◆ Task description
In the material below, find the span from the line with "Providing One Time" to the line with "Macbook Air First Impressions" and transcribe only those lines, exactly, ends included, without the pictures.

◆ Source material
======

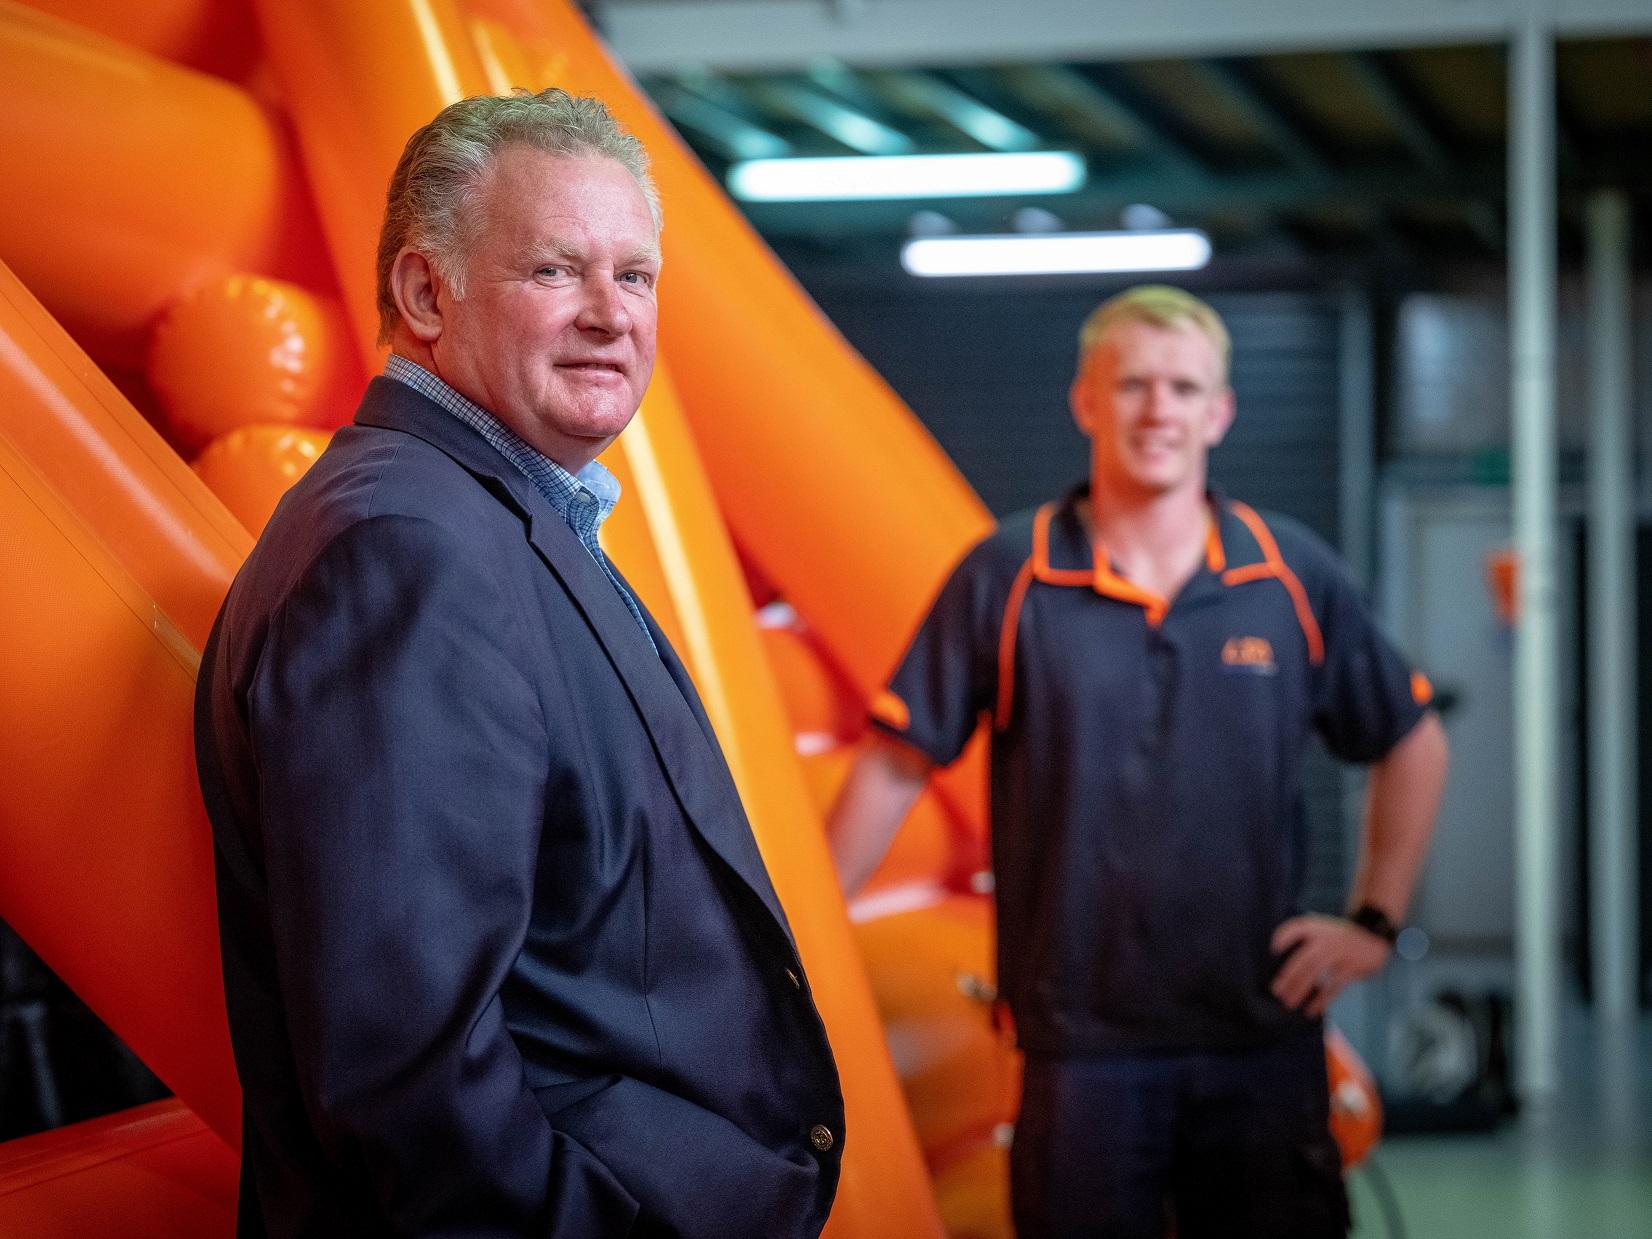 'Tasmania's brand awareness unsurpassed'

======

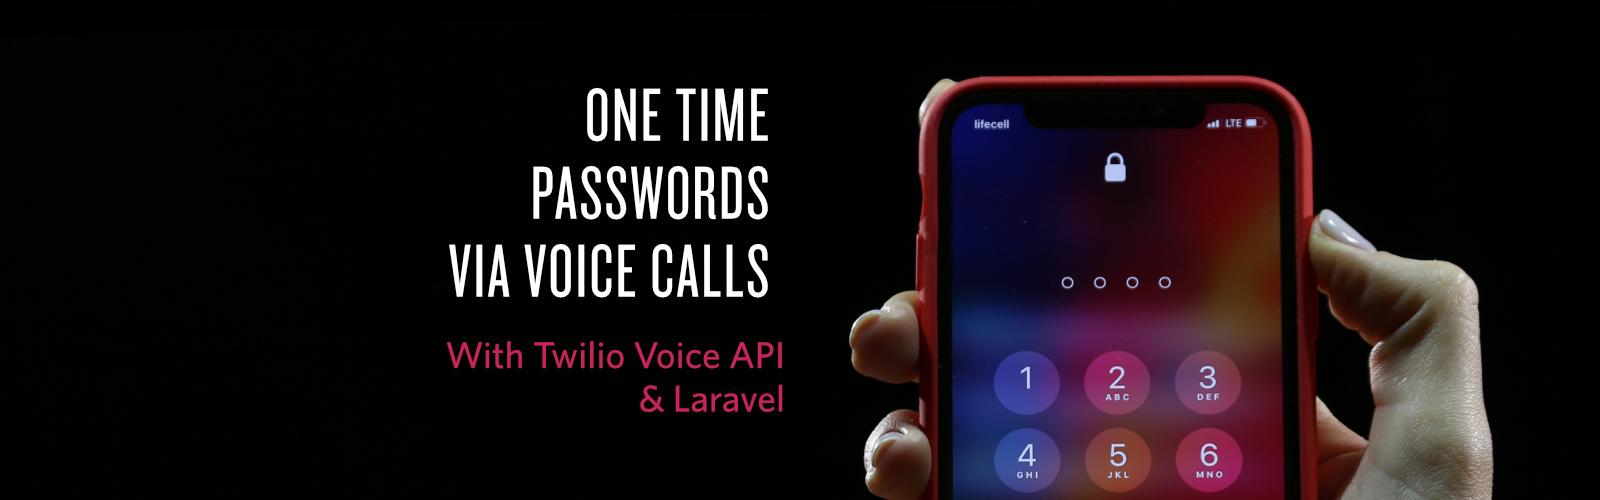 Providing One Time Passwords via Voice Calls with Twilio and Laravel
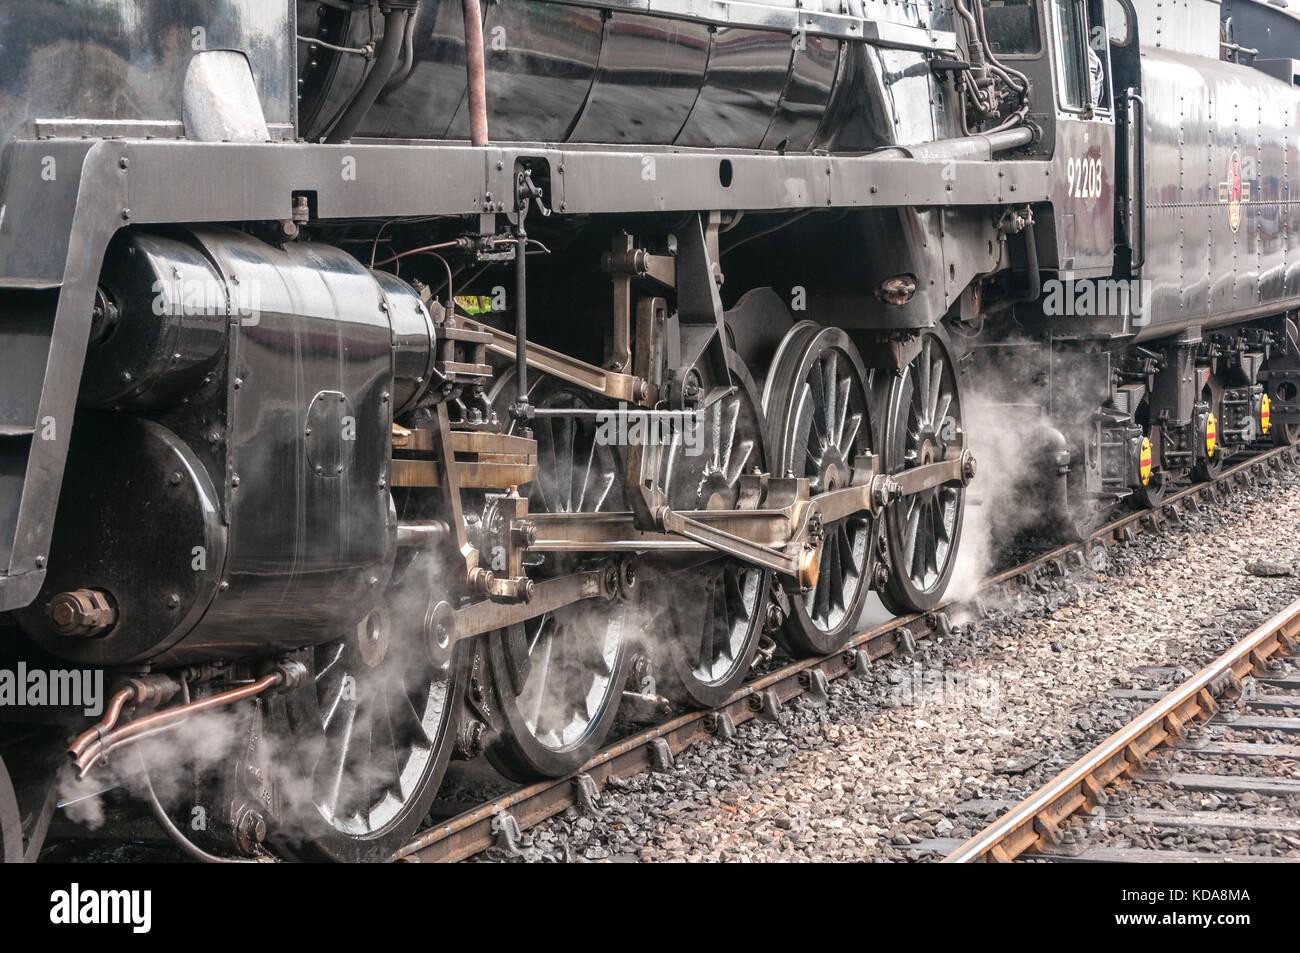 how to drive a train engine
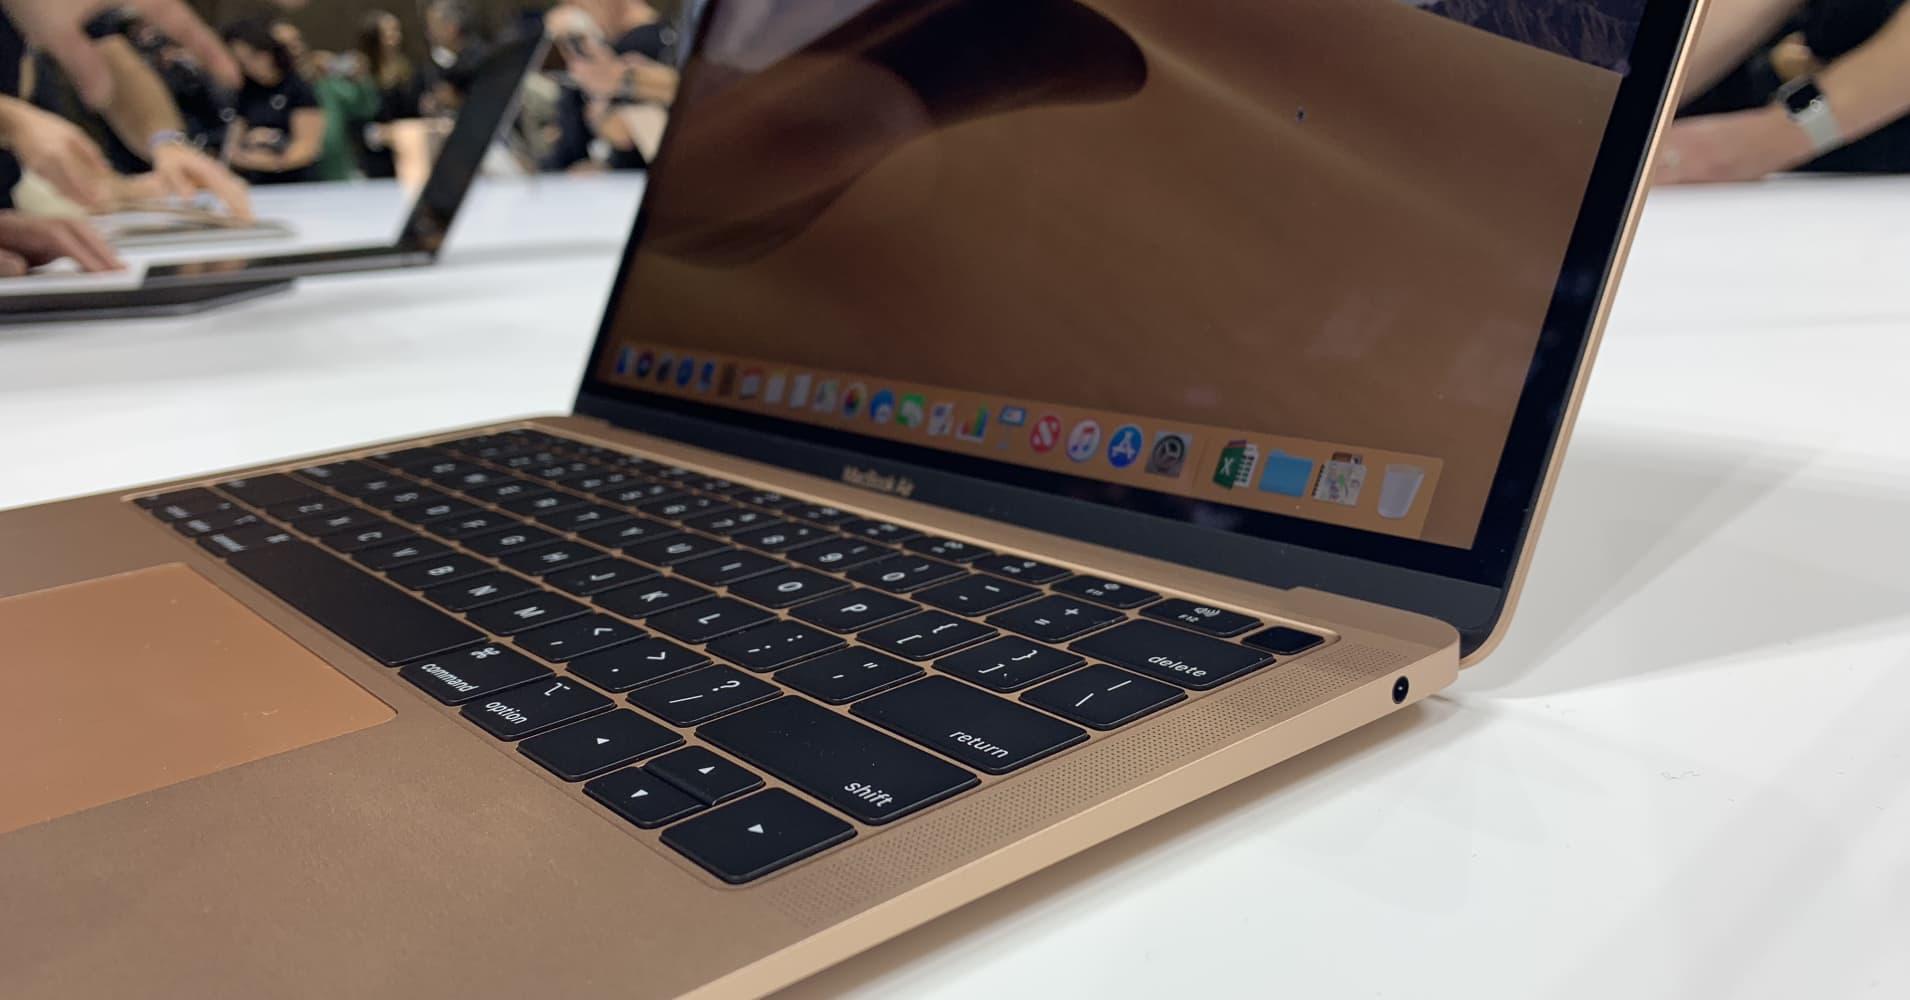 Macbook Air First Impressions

======

◆ Output of the exercise
 Providing One Time Passwords via Voice Calls with Twilio and Laravel
 how to drive a train engine
 Macbook Air First Impressions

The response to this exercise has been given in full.